Keywords: Key words Metallothionein ; N-Ethylmaleimide ; Alkylation ; Kinetics and mechanism ; 111Cd-NMR

Source: Springer Online Journal Archives 1860-2000

Topics: Biology , Chemistry and Pharmacology

Notes: Abstract The model alkylating agent N-ethylmaleimide (NEM) reacts reversibly at the metal-bound thiolates of Zn7MT and Cd7MT. An unprecedented feature of this reaction is that it approaches equilibrium and requires a large excess of NEM (〉1 mM for 3 μM protein) to drive it to completion. The complex kinetics of the reaction can be followed by monitoring the release of bound metal ions using the metallochromic dyes Zincon (ZI) for Zn7MT and pyridylazoresorcinol for Cd7MT. An initial lag phase is followed by more rapid release of zinc ions. The observed pseudo-first-order rate constants for the two phases are independent of the ZI and Zn7MT concentrations.
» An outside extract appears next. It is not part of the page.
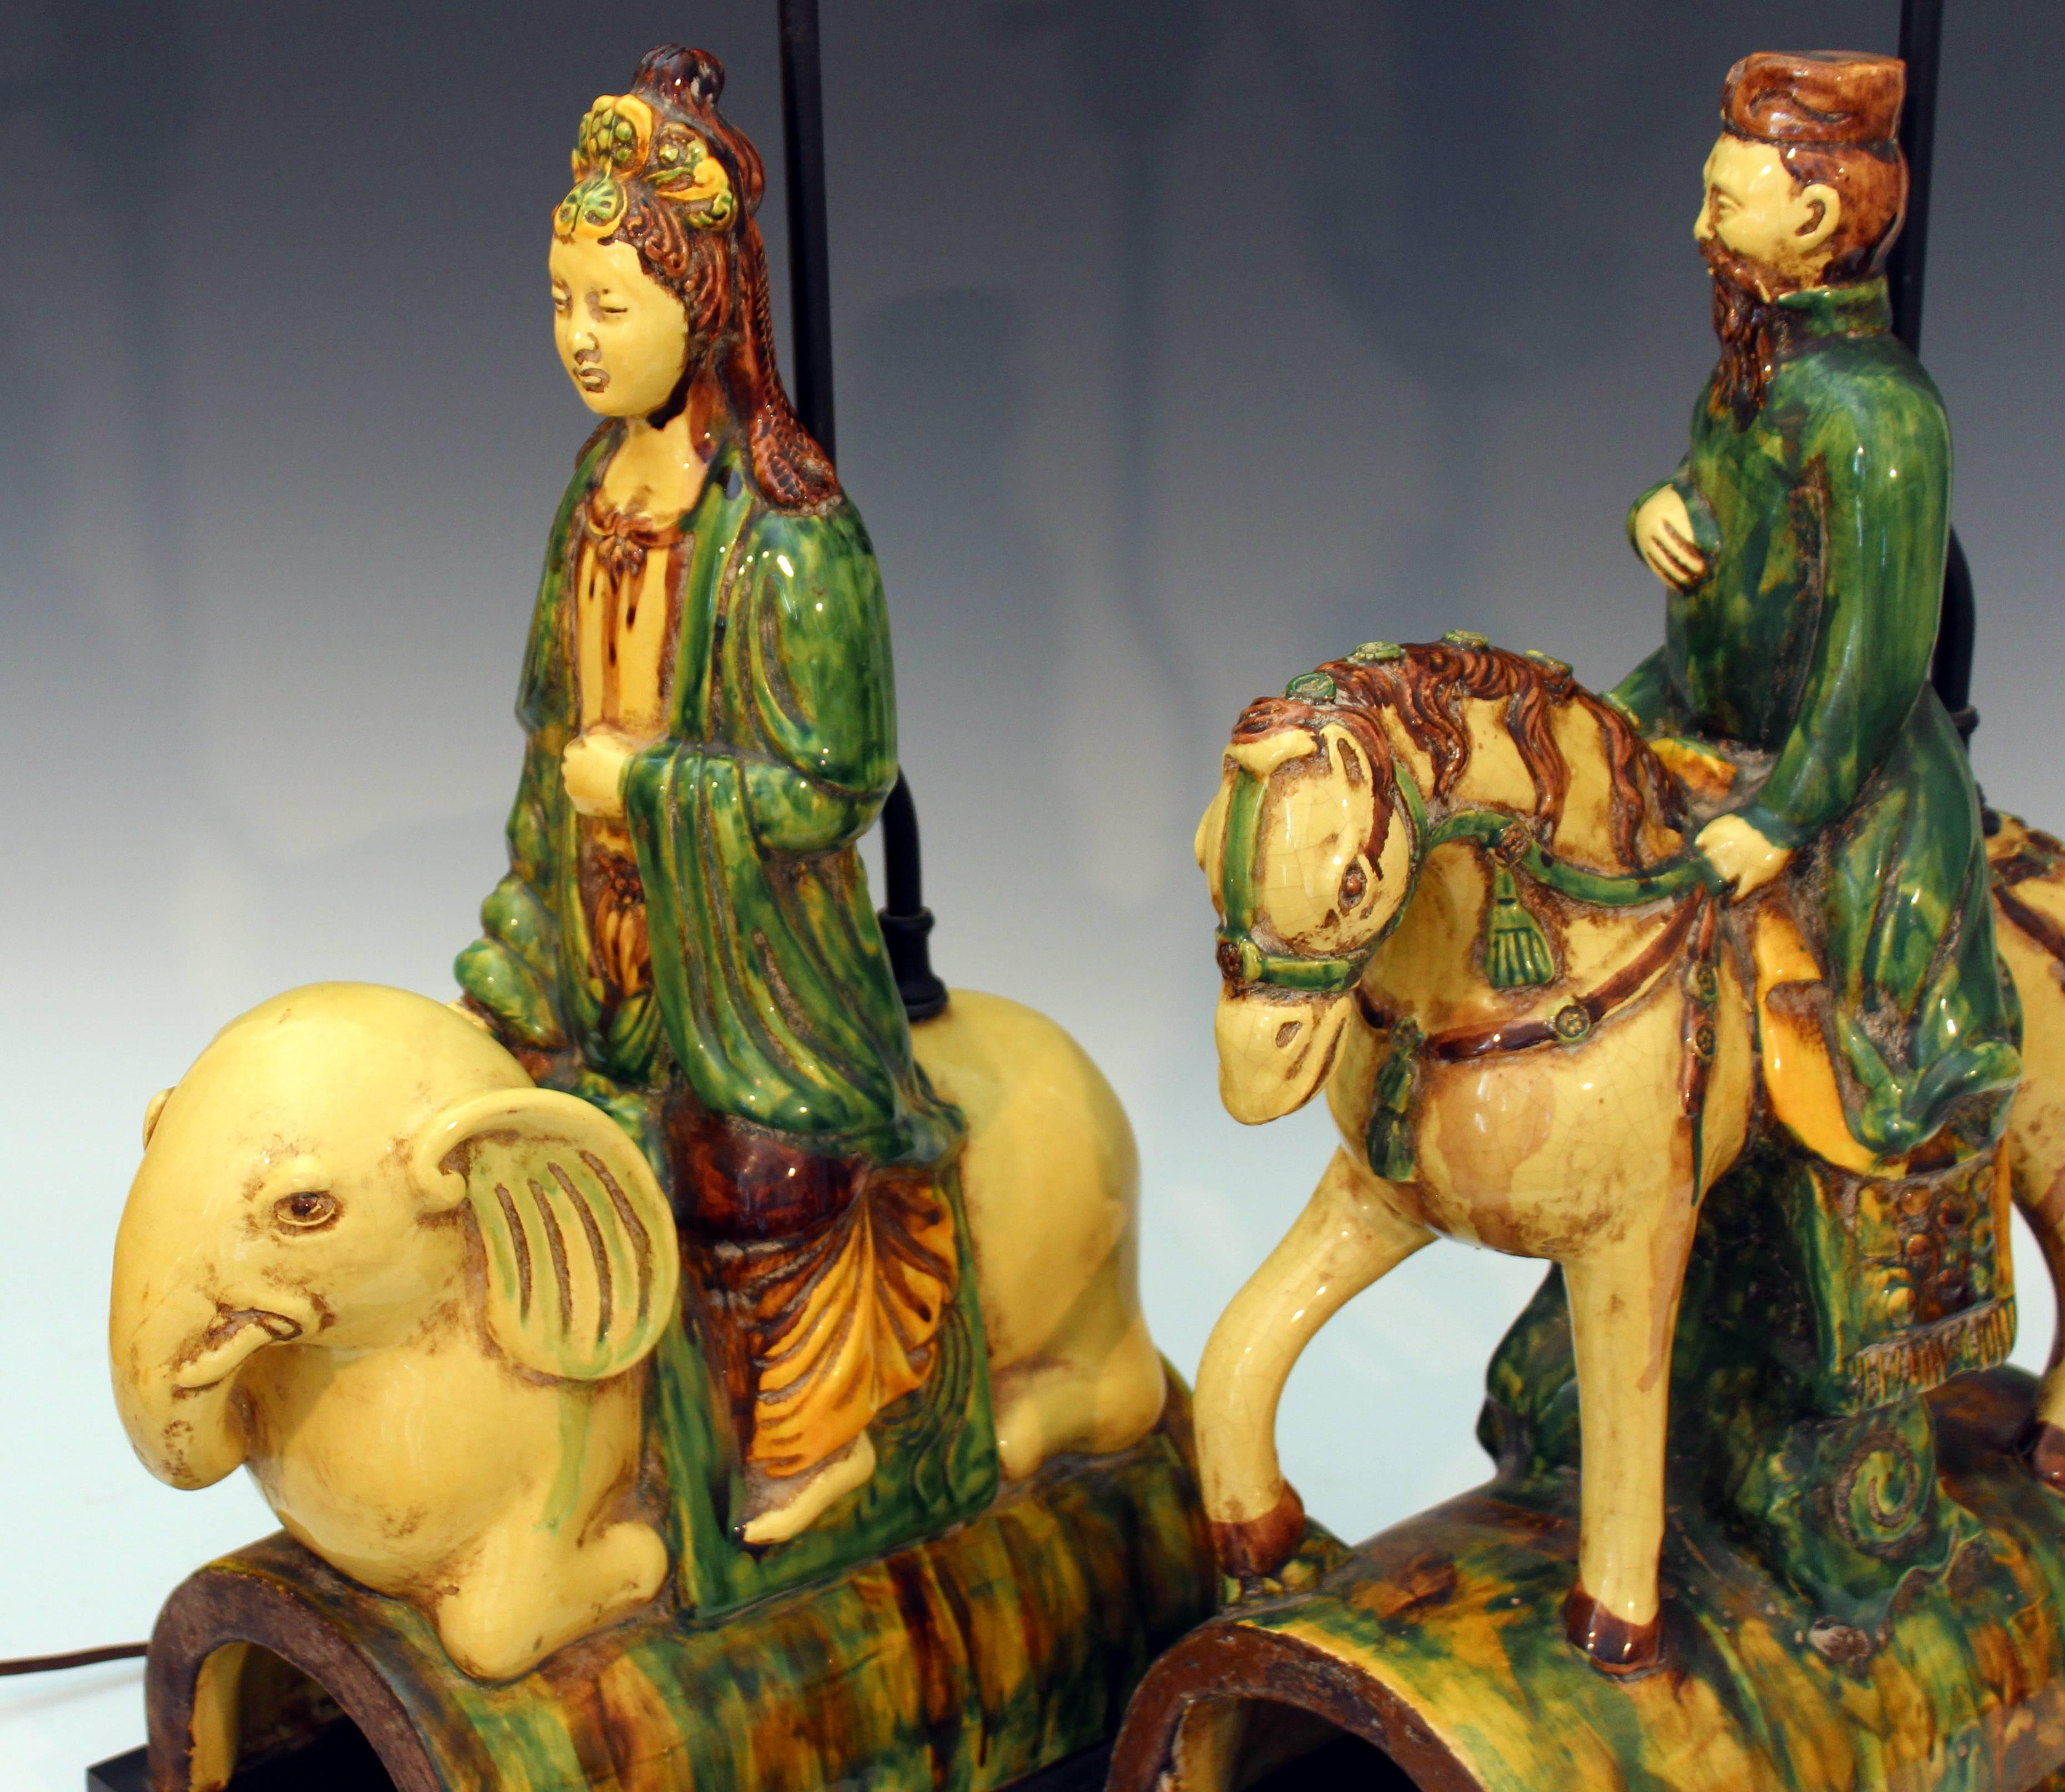 20th Century Pair of Zaccagnini Guanyin Buddha Figures Vintage Italian Ming Roof Tile Lamps

The complex NEM concentration dependence of each phase, k f, obs=k f 1+k f 2 [NEM] and k s, obs=k s 1+k s 2 [NEM], demonstrates that the forward reactions are second order and the reverse reactions are first order. The alkylation can be reversed using 2-mercaptoethanol to compete for the protein-bound NEM and regenerate the Zn-binding capability of alkylated MT. An explanation of these observations, based on the reversibility of cysteine alkylation by NEM, was developed and tested. The reactions of Cd7MT are less complete than those of Zn7MT and occur more slowly. 111Cd-NMR studies of the partially alkylated 111Cd7MT reveal that reaction with only four equivalents of NEM completely alters the cluster structure and eliminates the spectral signatures of the α and β clusters, although very little cadmium has been removed from the protein. This finding substantiates the proposed kinetic intermediate, a partially alkylated MT with complete or nearly complete retention of the metal ions, and rules out the possibility of cooperative reactions at either cluster.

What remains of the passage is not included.